Communion and Vulnerability
- Kevin D
- May 17, 2019
- 2 min read
In the spring, I typically give one to two tours a week to prospective families. A question I receive frequently is: "What makes your school different from a public school?"
So what does make a Catholic school different? What makes Saint Joseph different?
In a state where the LGBTQ agenda is now being extended to Kindergarten, the first thing that sets us apart is: Faith. It is from faith that our difference markers grow. We are firmly rooted in the conviction that our education is not temporal but eternal, does not prepare one for only the next sixty years but for an eternity with Christ.
It is because of that faith that we demand two things that I will focus on today: communion and vulnerability.
Communion is the gathering together of all of our disparate pieces - our staff, our students, our families, our parish - and the idea that we come together with each other with a focus on knowing, supporting, loving each other as individuals.
Vulnerability is what allows us to break down the walls that normally arise between us and allows our communion to begin.
At Saint Joseph School, we are far from a vision of communion. But there is that vision. To pull that plan into reality, I need to ensure that I am consistently modeling that vulnerability, that I am sharing, that I am listening. So that in my actions I can build that communion, that coming together.

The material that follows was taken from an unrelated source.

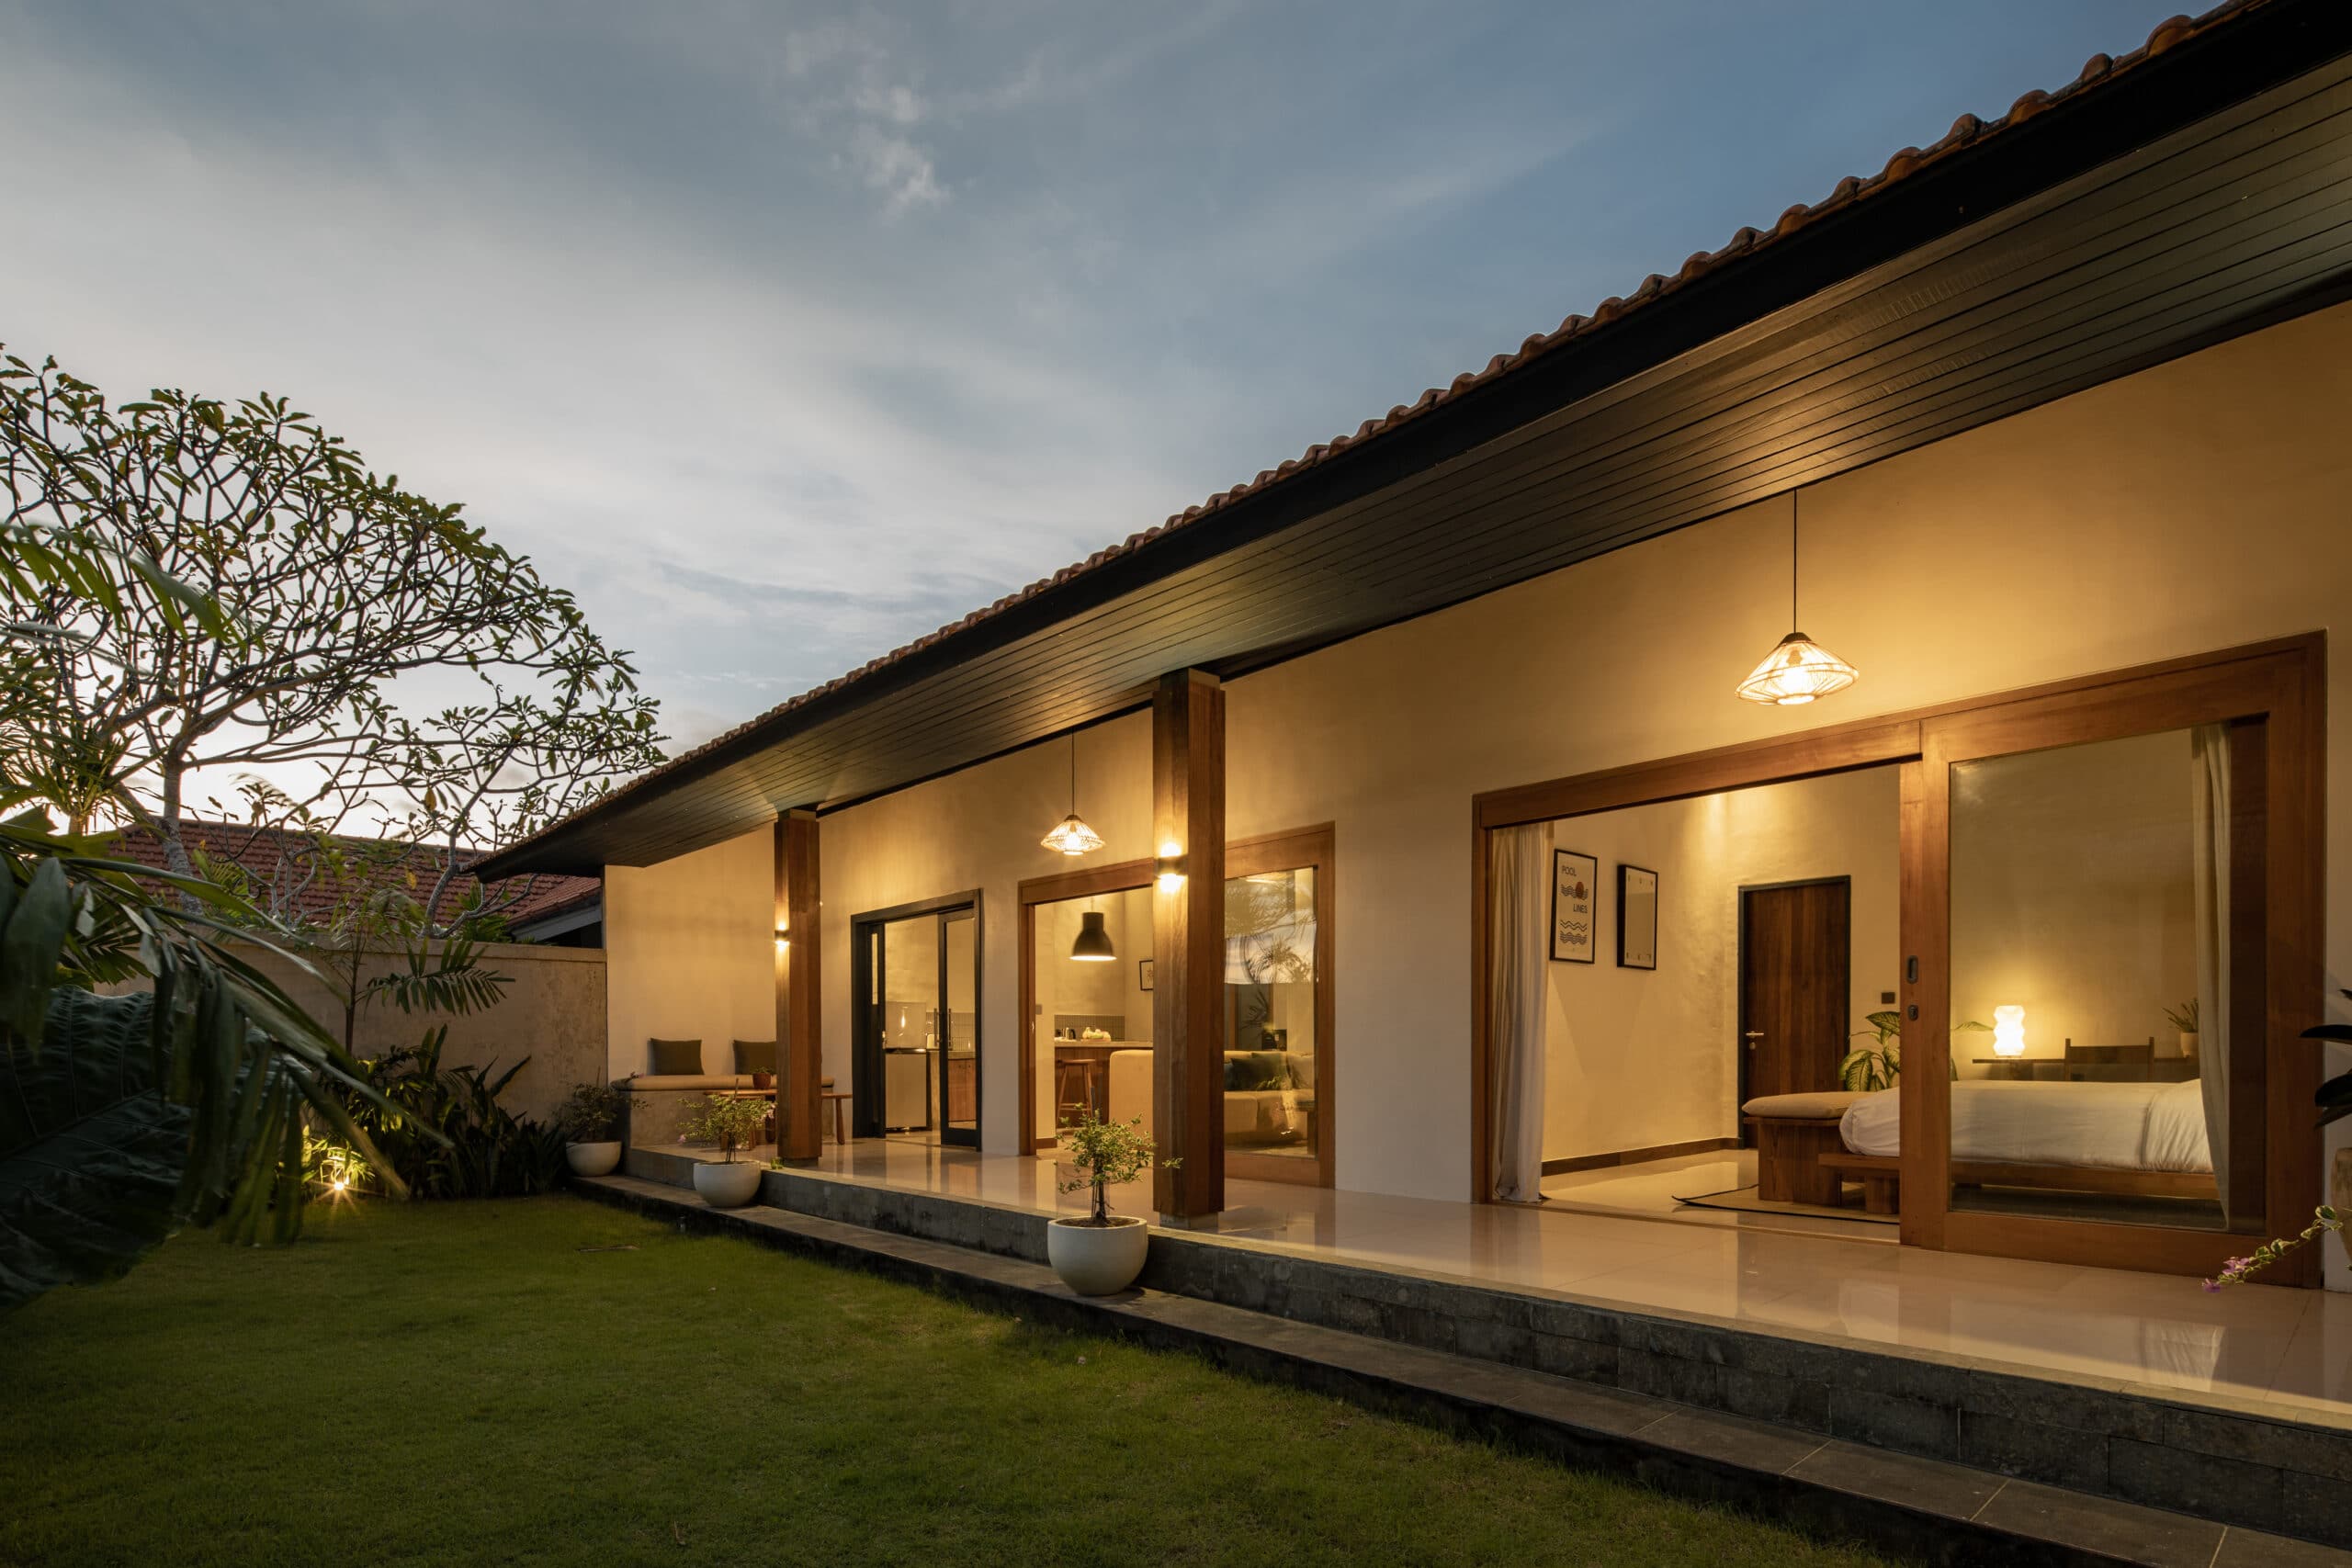 Design Assembly - Palm Studio - Bali Architect - Interior Design - Bali Villa - Garden - Wooden Facade - Building Facade

In a year that began with the death of a student parent, that saw the loss of a staff member, that has its fair-share of normal and abnormal ups and downs, my hope is that there was never a feeling of aloneness, of apartheid, of separation and severing from the community as a whole.
In his fantastic novella, The Great Divorce, Lewis depicts Hell as an interminable plain, where each individual, rooted in their selfishness, moves further from the rest; increasingly isolating his- or her-self. If we are seeking to form the Kingdom of Heaven on Earth, than we are called to come together, to form communion, to support each other, to buttress the weaknesses and weakest, and to recognize and utilize the strengths and strongest. It is in our vulnerability and openness to each other that we can form a truly strong community.